Enhanced Relational Graph Convolution Network
Our model is written in Python3 and need install PyTorch and DGL before starting.
We collect 6 common datasets for entity prediction tasks, they are in the document data. Preprocessing datasets(i.e. WIKI) before training via the following code:
python get_data_history.py -d WIKI
Then, training the global model:
python pretrain.py -d WIKI --dropout 0.2 --h_dim 200 --max_epochs 250 --seq_len 5 --lr 0.001 --batch_size 96 --gpu 0
Notice of the hyper-parameters:
-d dataset_name
--dropout dropout_rate
--h_dim the length of embedding
--max_epochs Iterations
--seq_len the depth of historical information used in the model
--lr learning rate
--batch_size batch size
--gpu number of GPU
Then, training the ERGCN model:
python train.py -d WIKI --dropout 0.2 --h_dim 200 --max_epochs 20 --seq_len 5 --lr 0.002 --batch_size 1024 --reverse False --alpha 0.1 --layers 2 --name 1
notation of the new commands:
--reverse :means the direction of training. If FALSE, the model uses the subjects and relation types to predict the objects in the Temporal Knowledge Graphs, vice versa.

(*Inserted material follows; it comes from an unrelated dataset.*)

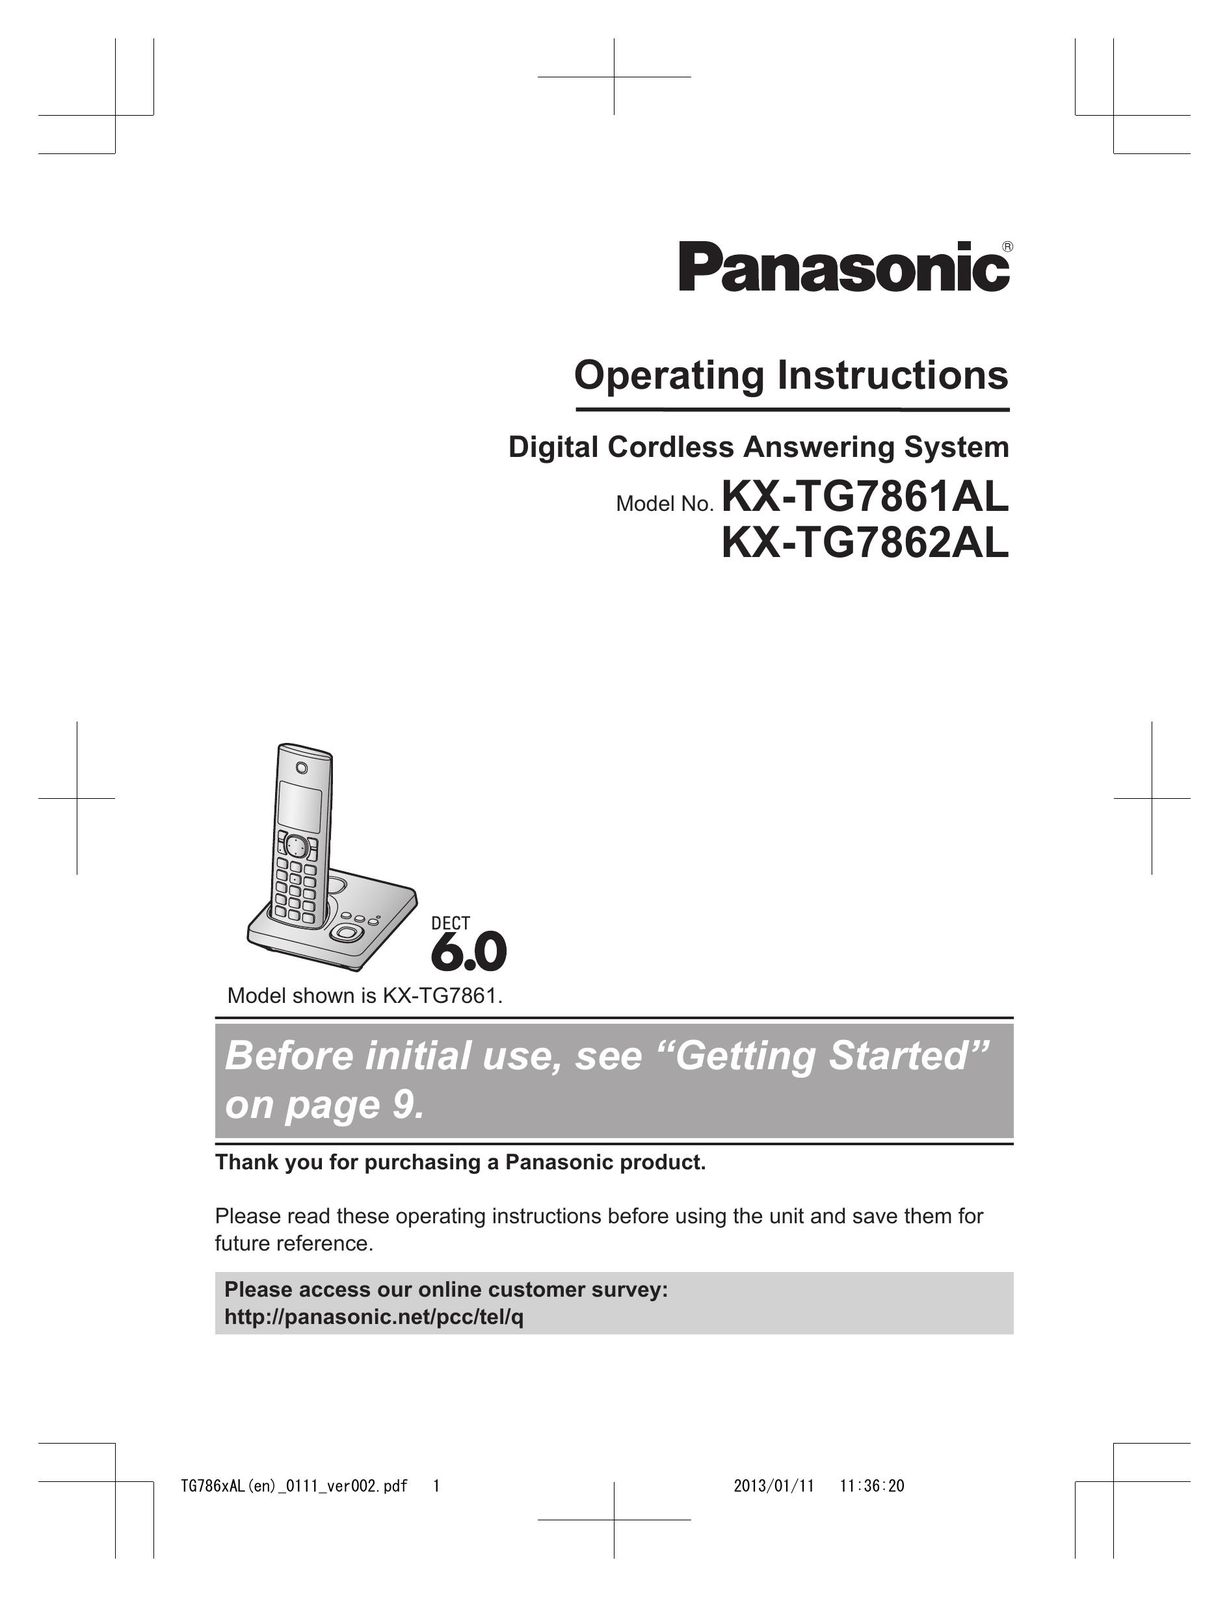 Panasonic KT-TG7861AL Answering Machine User Manual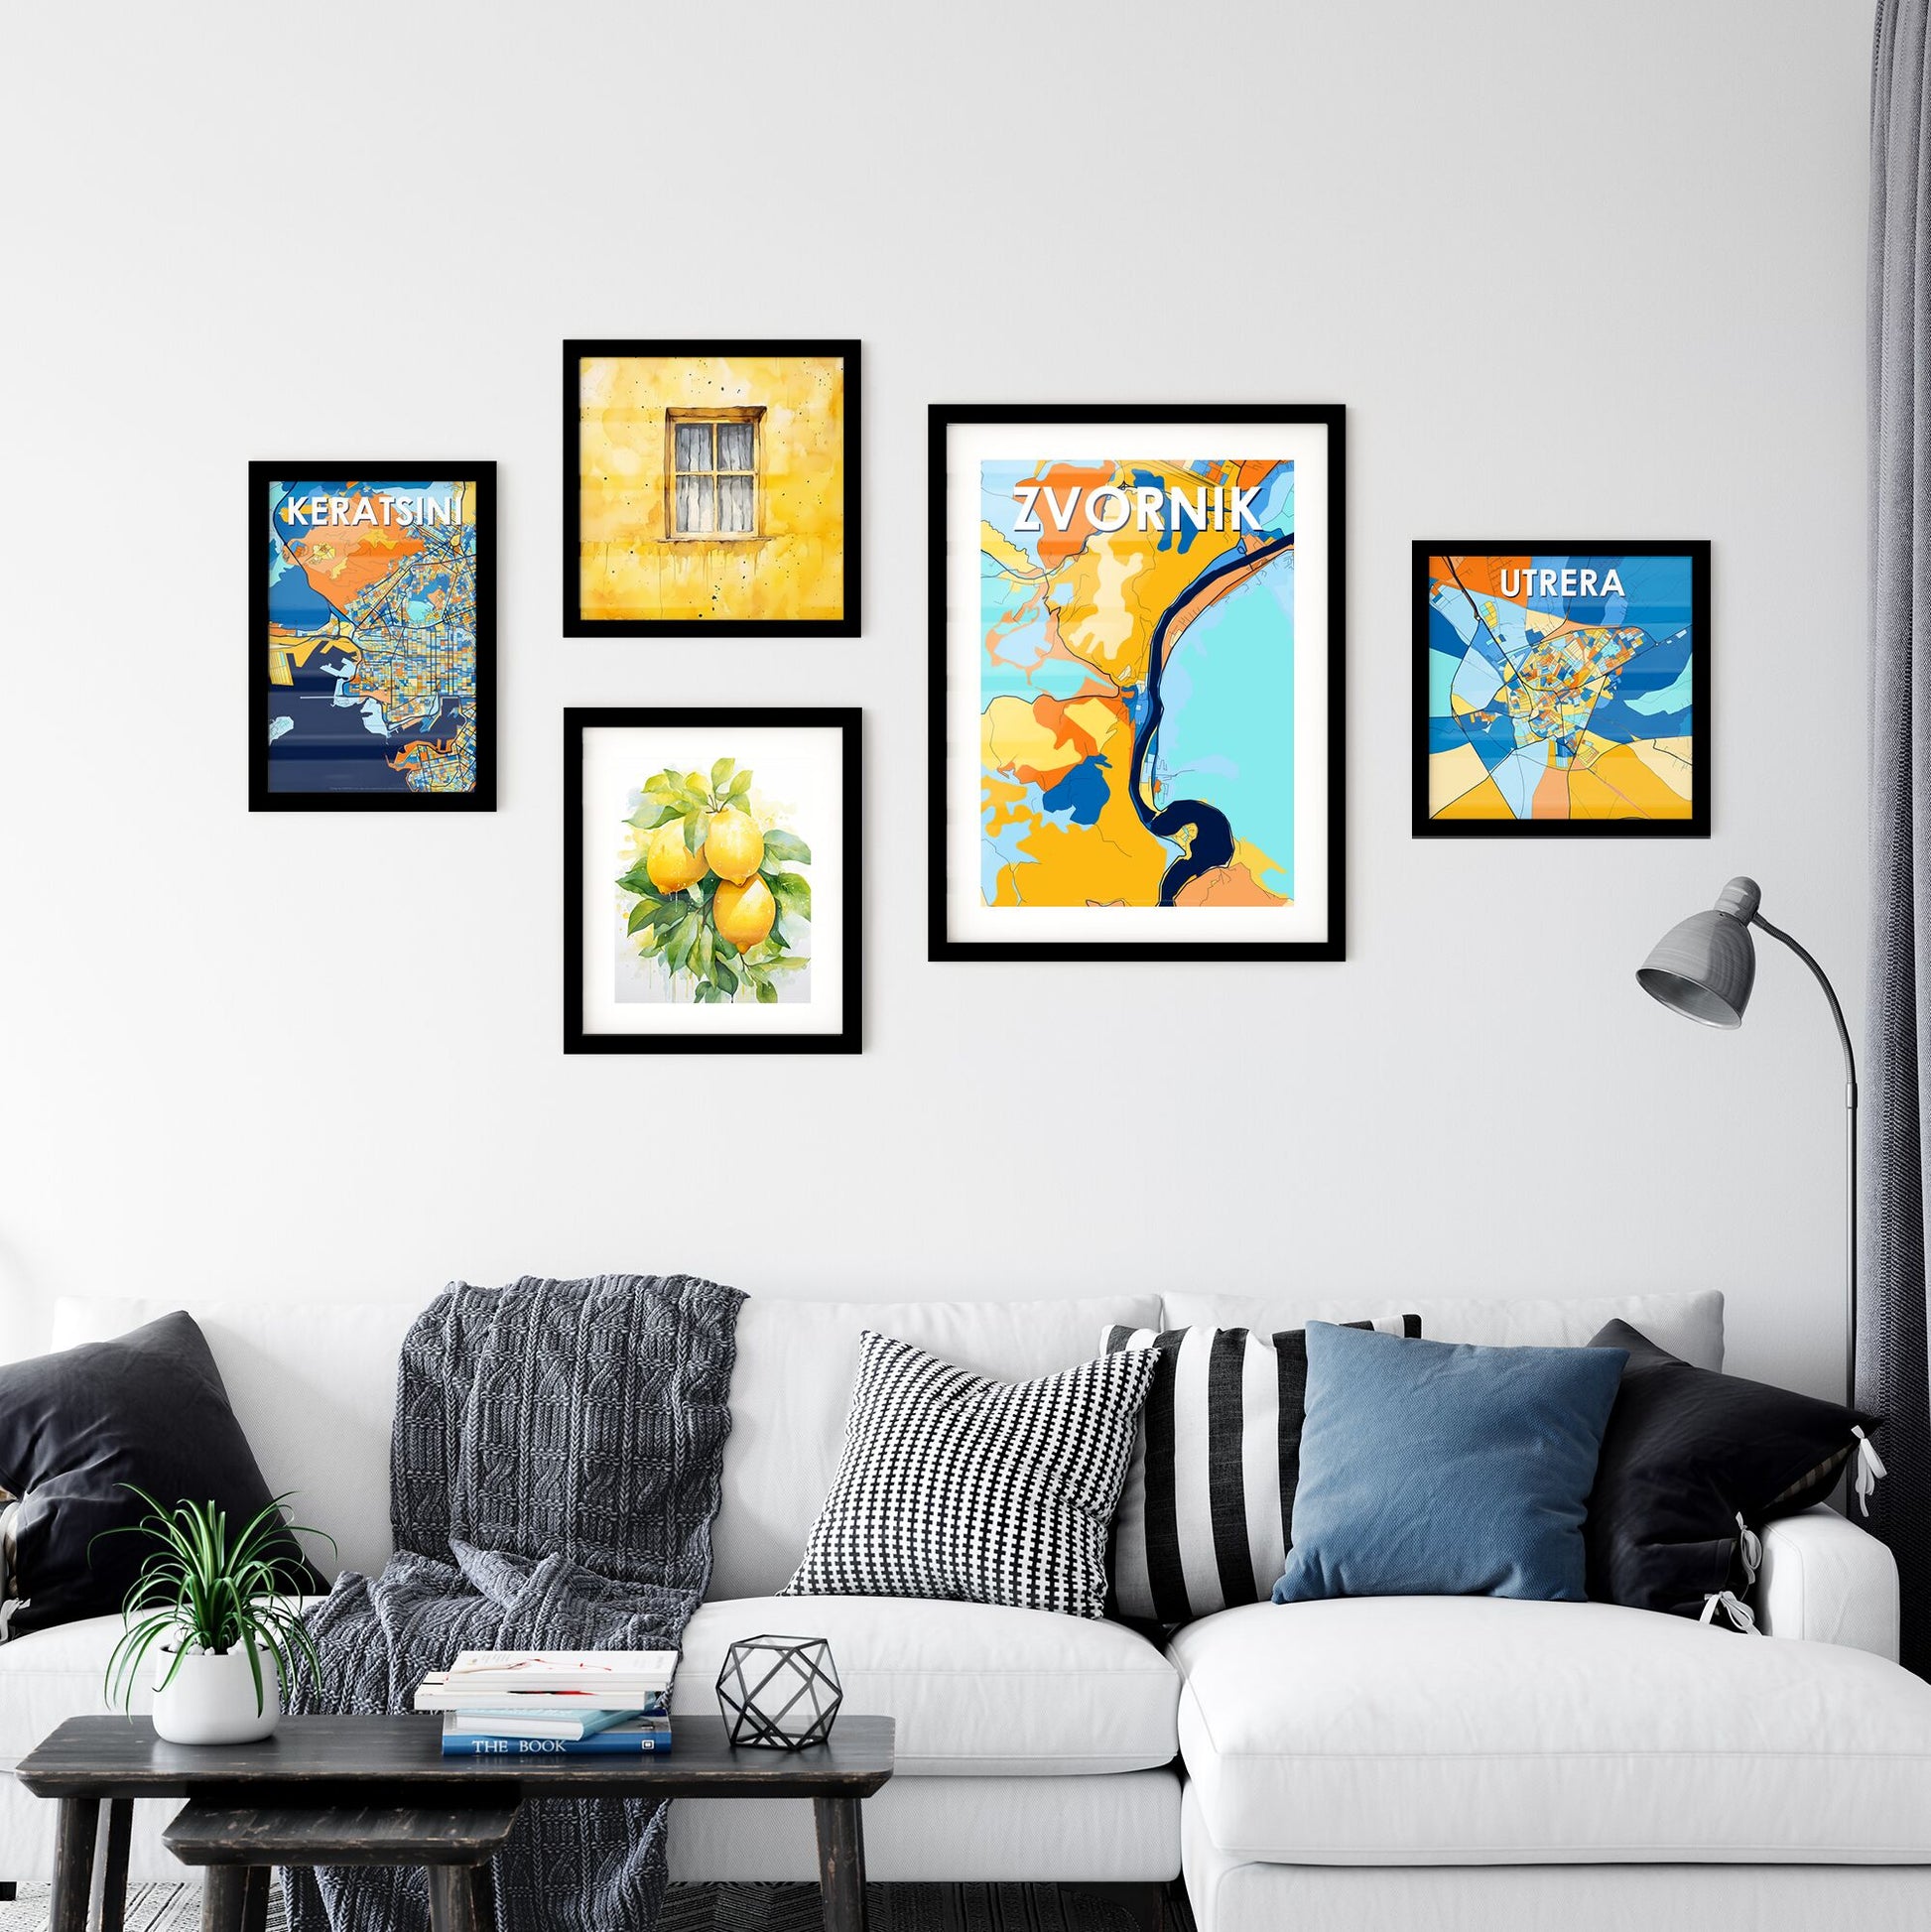 ZVORNIK BOSNIA AND HERZEGOVINA Vibrant Colorful Art Map Poster Blue Orange

--alpha :means the balance weight between loss1 and loss2
--layers :means the rippled layer size of nieghbor nodes around the source node. If the --layers is less than the layer number of ERGCN block used in the model, the further layer of ERGCN block will not update new features of the node from its neighbor nodes in the aggregator.
--name :used for naming the saved model types(use int, not str).
After training, we can start testing:
python test.py -d WIKI --filter 0 --name 1
notation of the new commands:
--filter :metric for testing. If zero, print the raw results. Else, print the results with ground truth.
Notice that the command --name should be the same in the training set.